Step in the Ring

If You Don’t Stand to Gain a Piece, Give Peace a Chance

In response to War vs. Peace

by Stefan Raets

There are two types of people in this world: those who have experienced war firsthand, maybe by living through it or losing a loved one, and those who still believe that war is a necessary aspect of life. I don’t believe it is possible to continue living under the illusion that war can be anything but evil, once you’ve come in close contact with it. Many people in the U.S. have never lived through a war. Seeing it on TV is a very different experience from seeing it in your backyard. I firmly believe that people’s eagerness to advocate war would diminish quickly once they’ve seen tanks rolling down their own streets and spent a night cowering in a basement, hoping the bombs will miss their own homes.

Of course, in this day and age, there is a third group: those people who have found a way to gain benefit from waging war. The Halliburtons and Blackwaters of the world, who stand to gain billions of dollars on the backs of the pain and suffering of innocent people, would clearly rather see war than peace rule the world. The big oil companies definitely have a stake in making sure we continue to have access to the largest reserves of oil in the world. The big defense companies and arms manufacturers would lose tremendous amounts of money if they couldn’t continue to supply the war machine with the tools of its trade.

Unfortunately, we are living in an age where this last group of people – the war profiteers – have a high amount of influence on the U.S. administration. I don’t think anyone would argue that the American participation in the first and second world wars helped keep our entire civilization free from tyranny. Even the toppling of the Afghan Taliban, in the wake of 9/11, could be called a necessary response to the worst act of terrorism of our age (even if the sad truth is that a previous U.S. administration originally helped sponsor them).
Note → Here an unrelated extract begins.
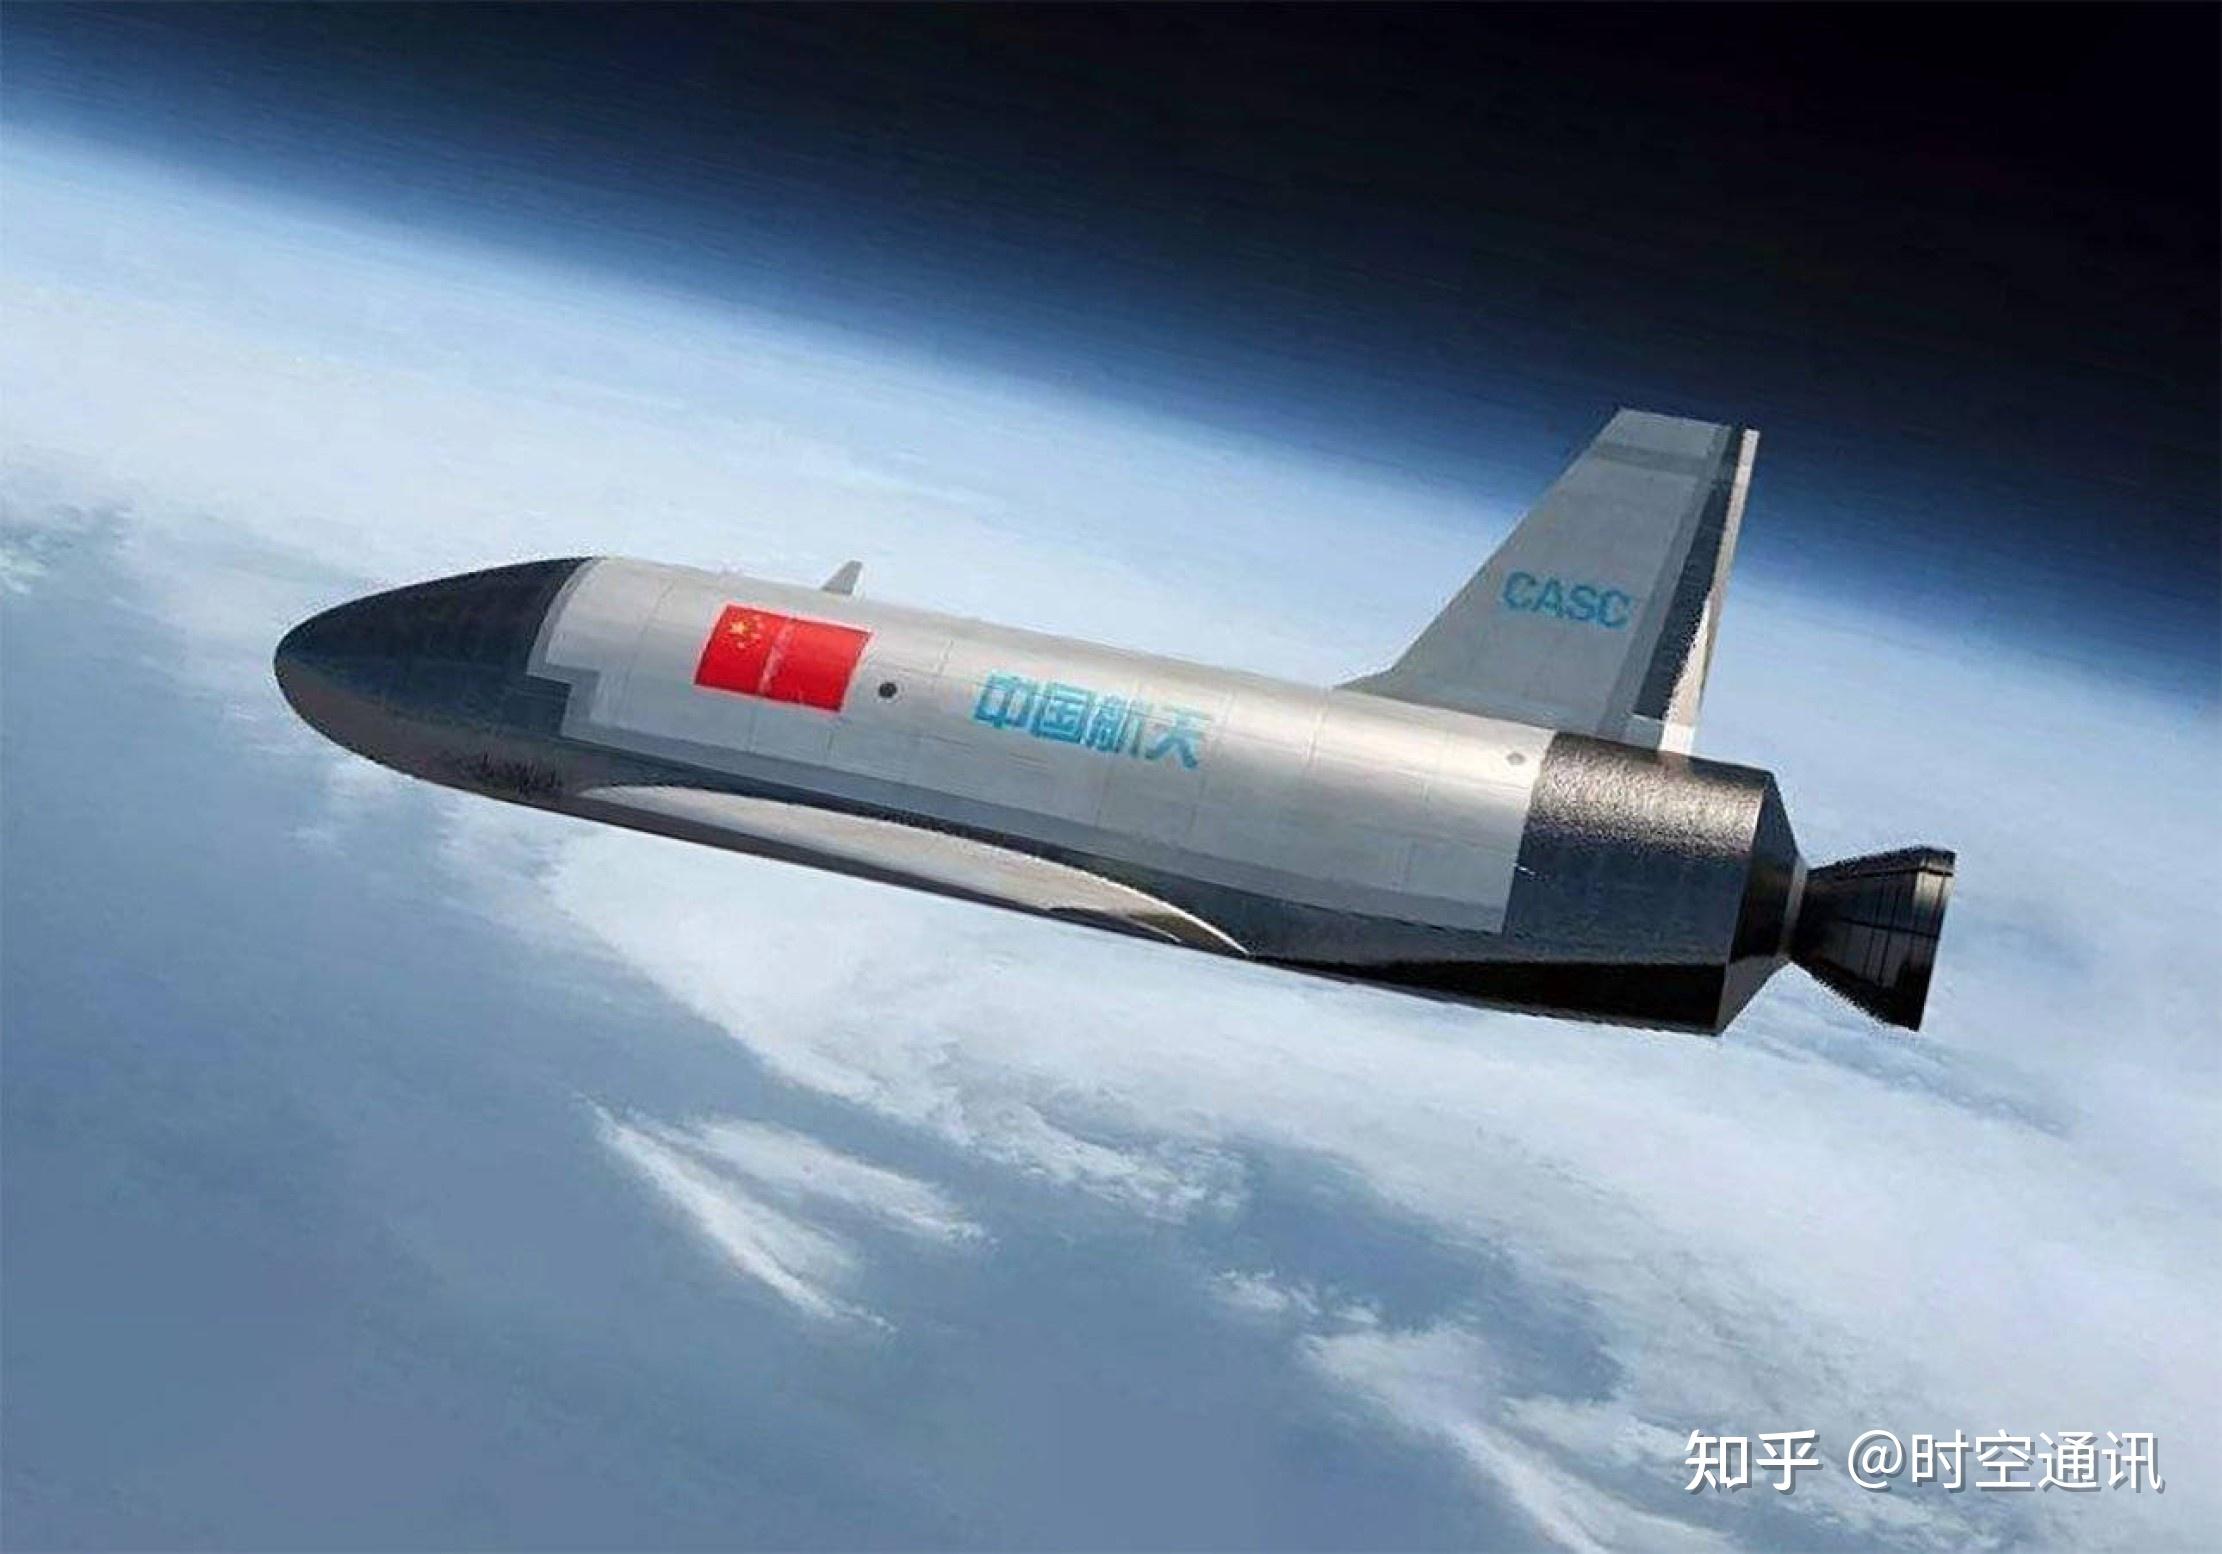 中国试验绝密空天飞机,为啥能够被荷兰博士准确预测,难道泄密了?

Still, George W. Bush had the majority of the country behind him in 2001. As Naomi Klein shows in this excellent video, the administration then took a disastrously wrong turn when taking advantage of the state of shock the entire country was in.

The invasion of Iraq was an entirely unnecessary and illegal act of war, falsely justified by what is now known to be manufactured and false evidence of the production of weapons of mass destruction by the Iraqi regime. While Saddam Hussein was clearly no angel, there are worse dictators still living and reigning freely. Unspeakable atrocities are being committed in various other countries, but since there are no significant oil reserves there, the U.S. is doing nothing meaningful to stop them.
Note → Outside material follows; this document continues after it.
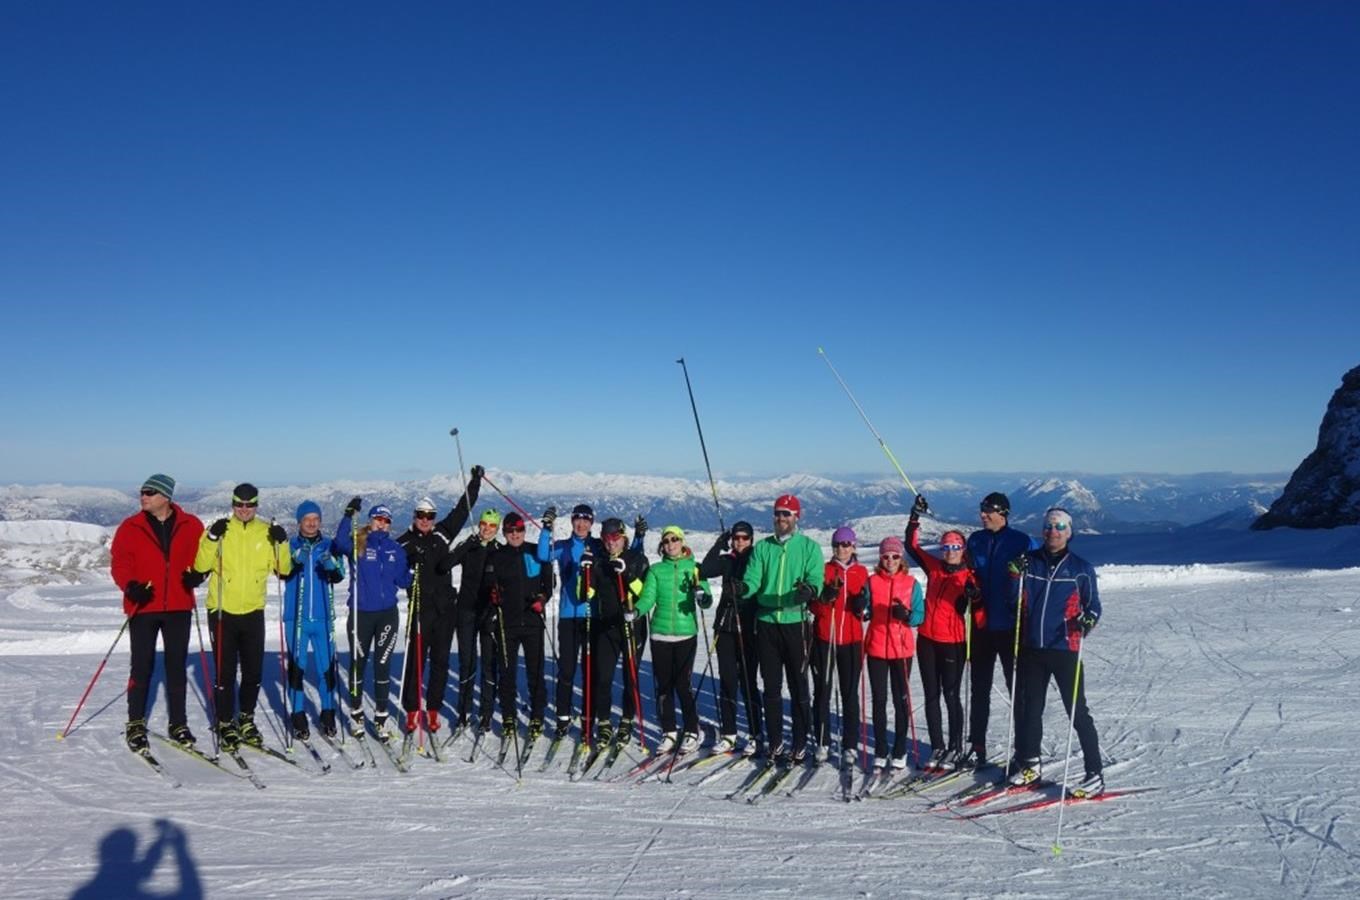 Kurzy běžeckého lyžování Nordic Academy

George W. Bush, already the president with the lowest approval ratings ever in a second term, will go down in history as the man who privatized the war machine. Billions upon billions of U.S. tax dollars have been handed out in the form of government contracts to security firms and contractors, resulting in the sad paradox that mercenaries are making more money than poor American kids who enlisted in peacetime, hoping to get a decent education. Thousands of them have died, not to mention countless thousands of innocent Iraqi civilians, because of the folly of one man.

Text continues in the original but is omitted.